▶ **Assignment**
Would you repeat the data below exactly, taking out the images?

▶ **Given data**
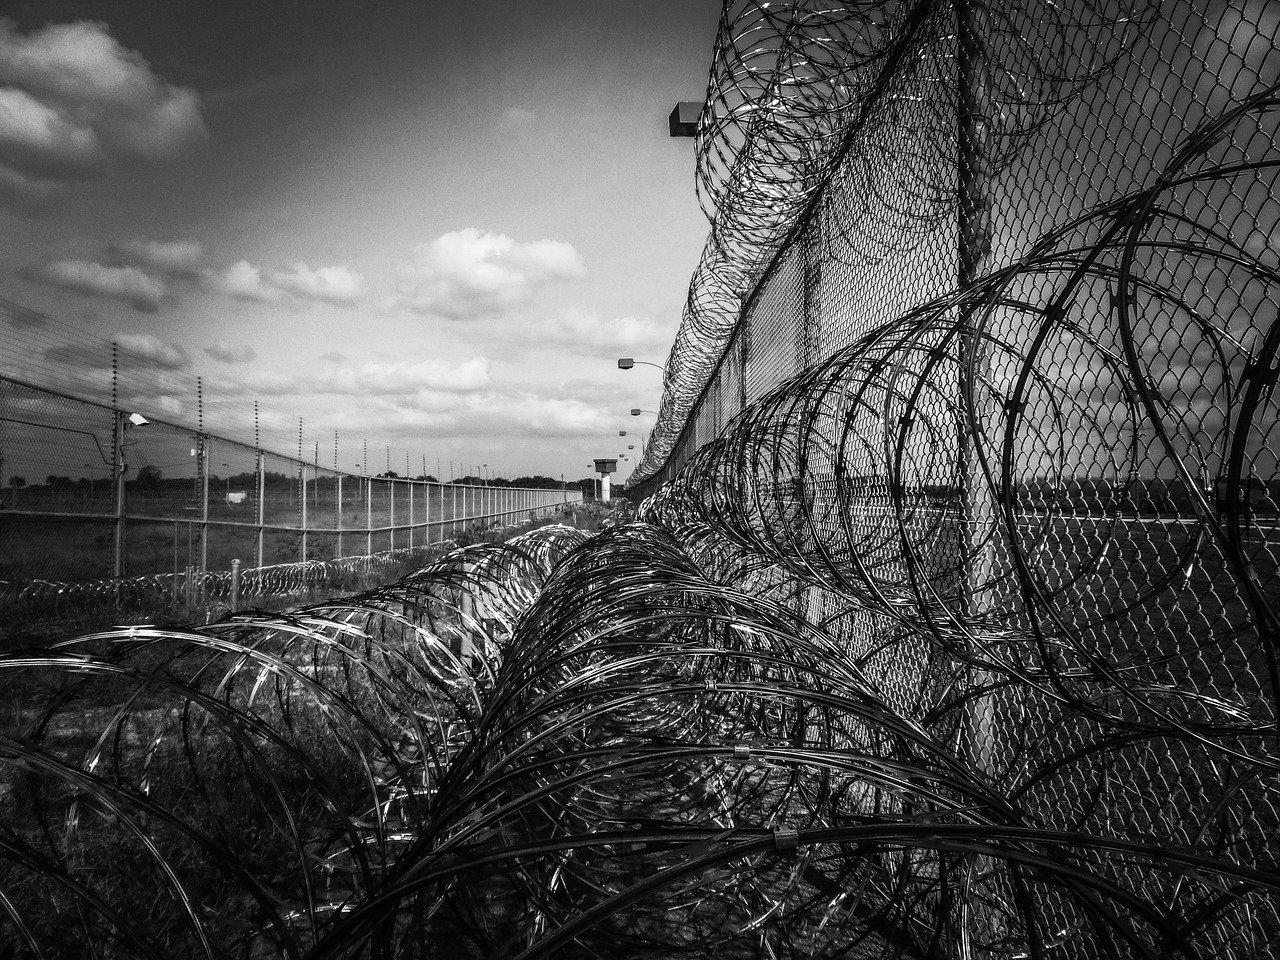 Oregon prisoners sue governor over COVID-19 concerns
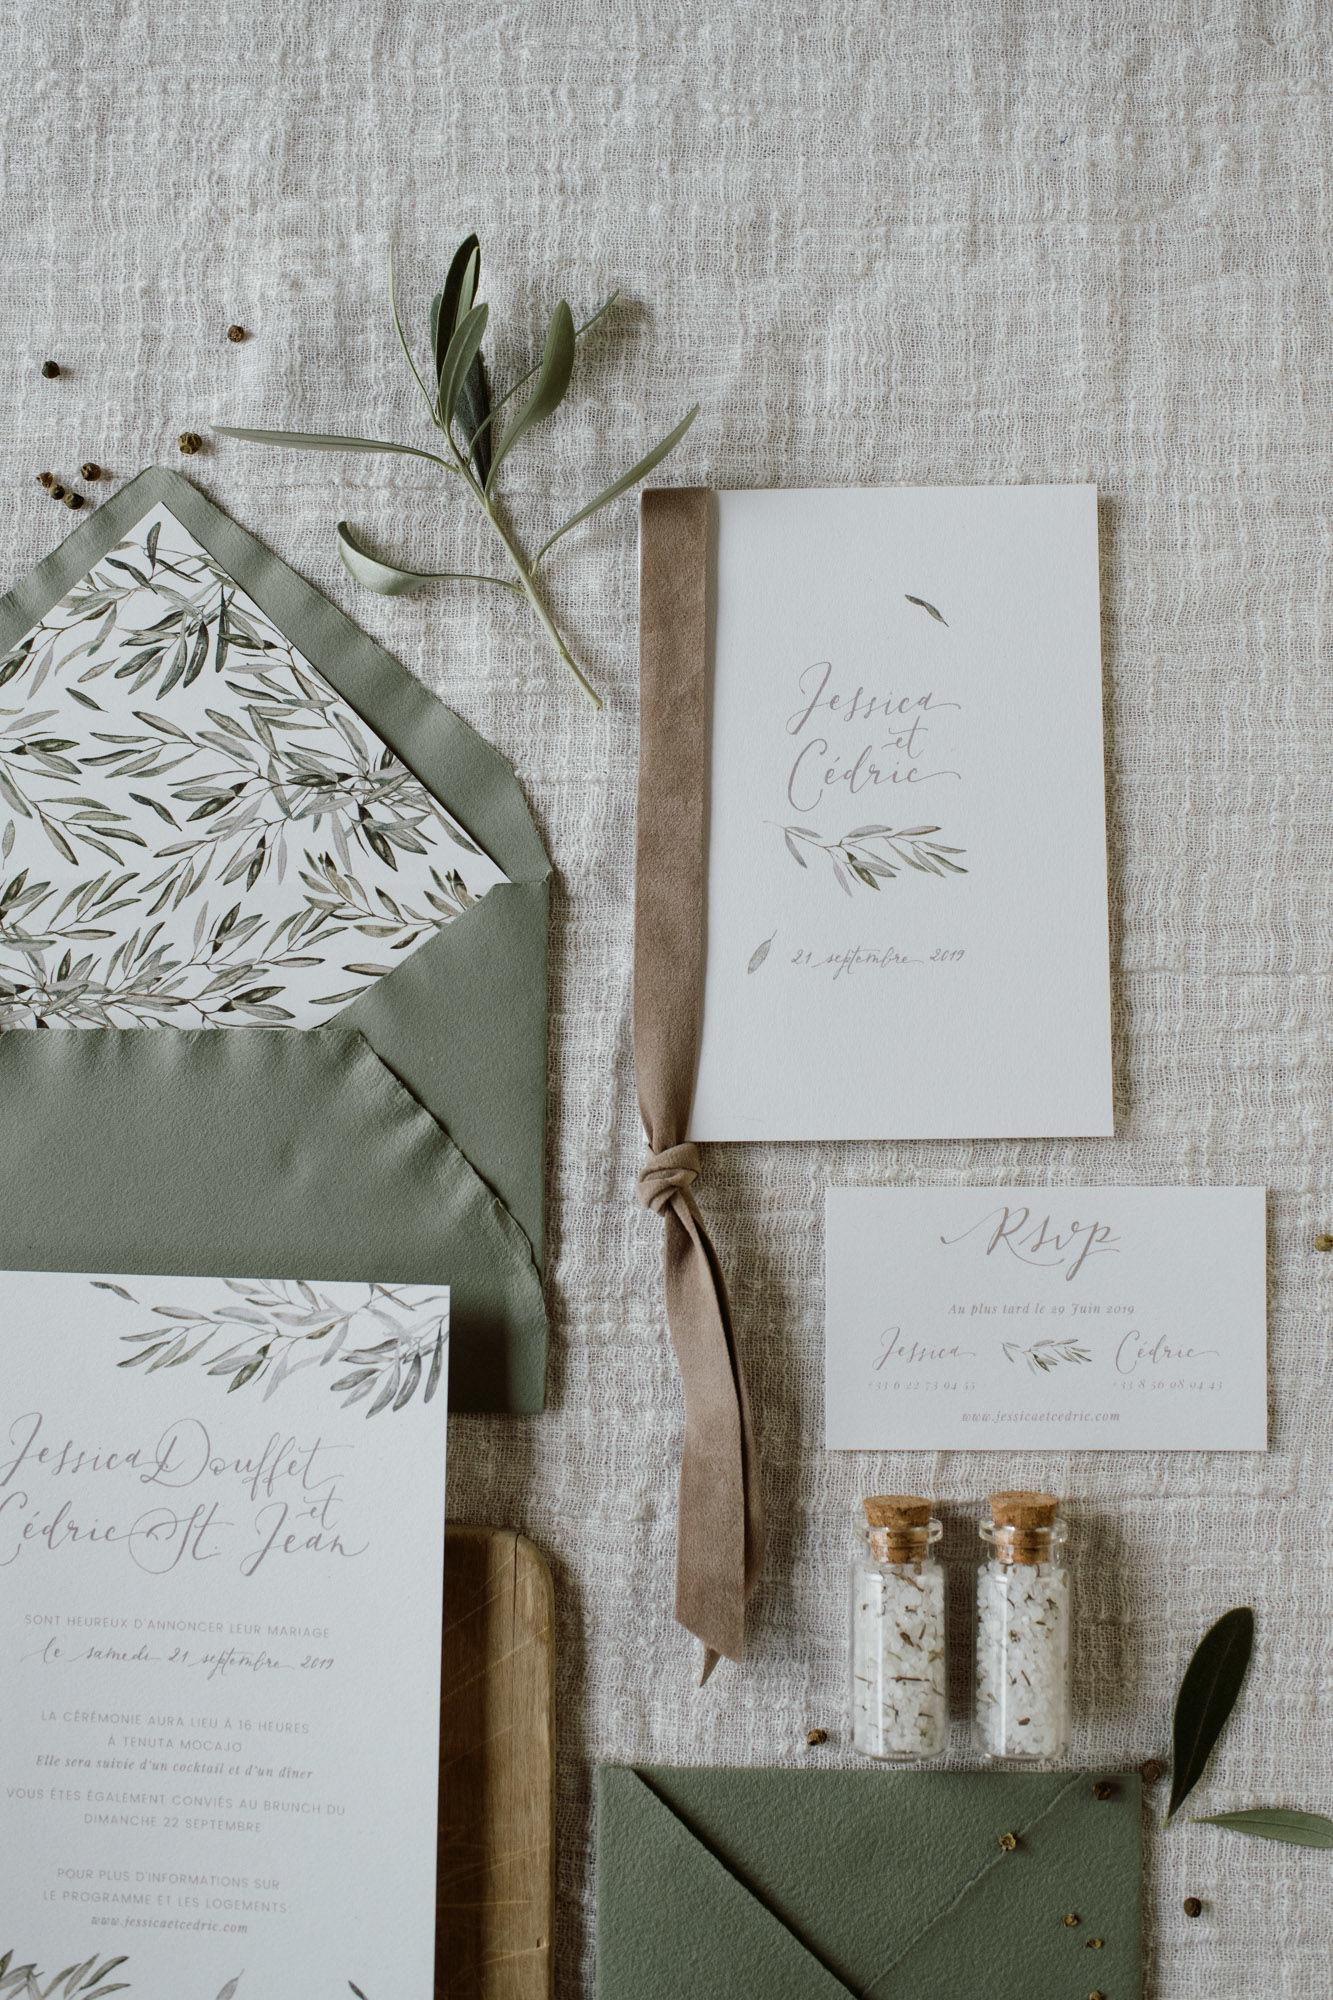 Busta Matrimonio Toscana : Partecipazioni calligrafia inviti matrimonio toscana ulivo
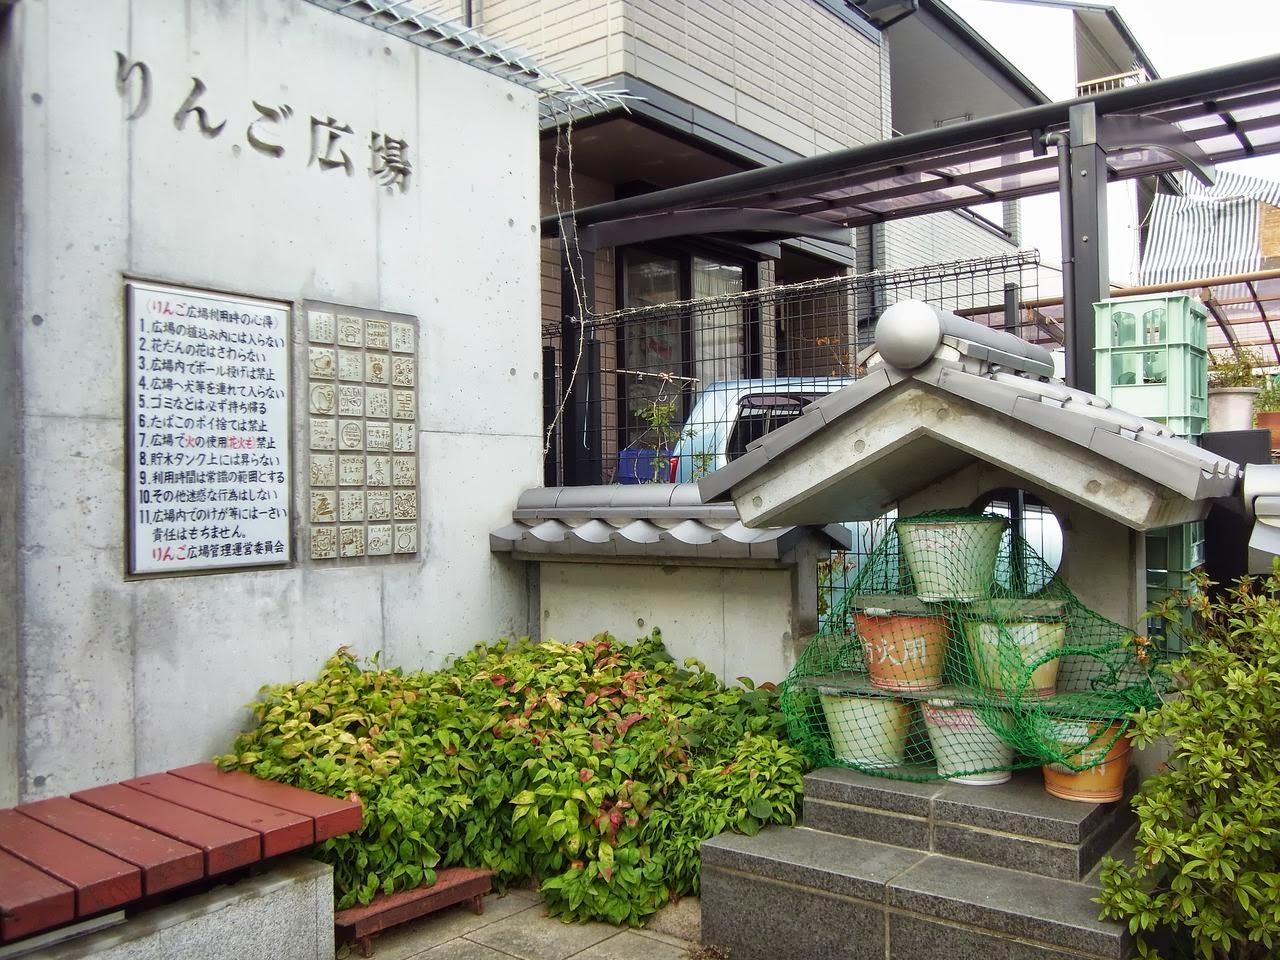 りんご広場(大阪市生野区)
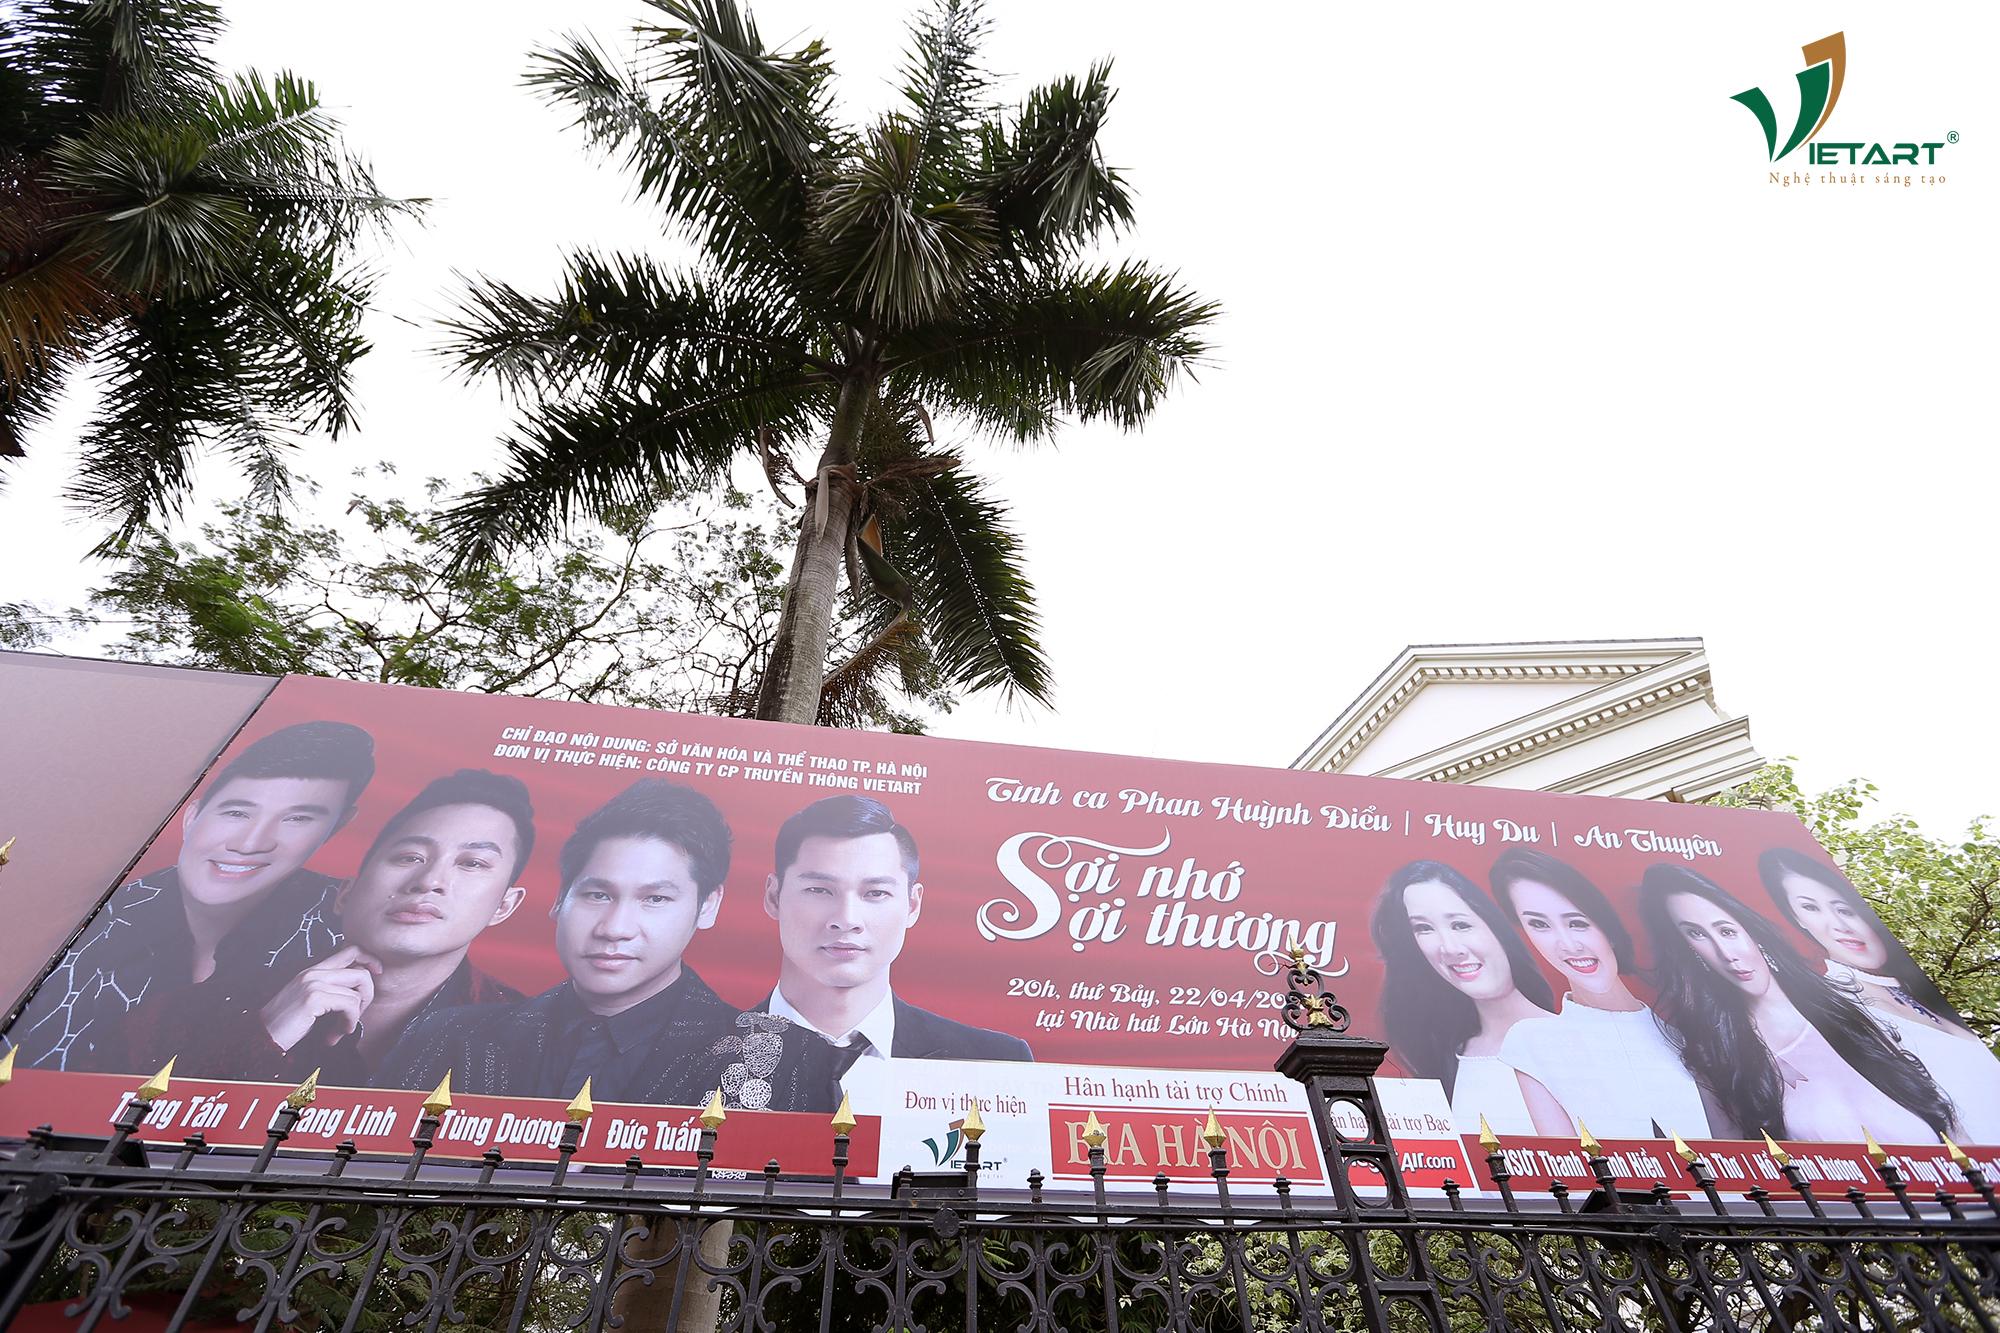 """Banner chương trình """"Sợi Nhớ Sợi Thương"""" nổi bật tại Nhà hát Lớn"""

▶ **Solution for this problem**
 Oregon prisoners sue governor over COVID-19 concerns
 Busta Matrimonio Toscana : Partecipazioni calligrafia inviti matrimonio toscana ulivo
 りんご広場(大阪市生野区)
 """Banner chương trình """"Sợi Nhớ Sợi Thương"""" nổi bật tại Nhà hát Lớn"""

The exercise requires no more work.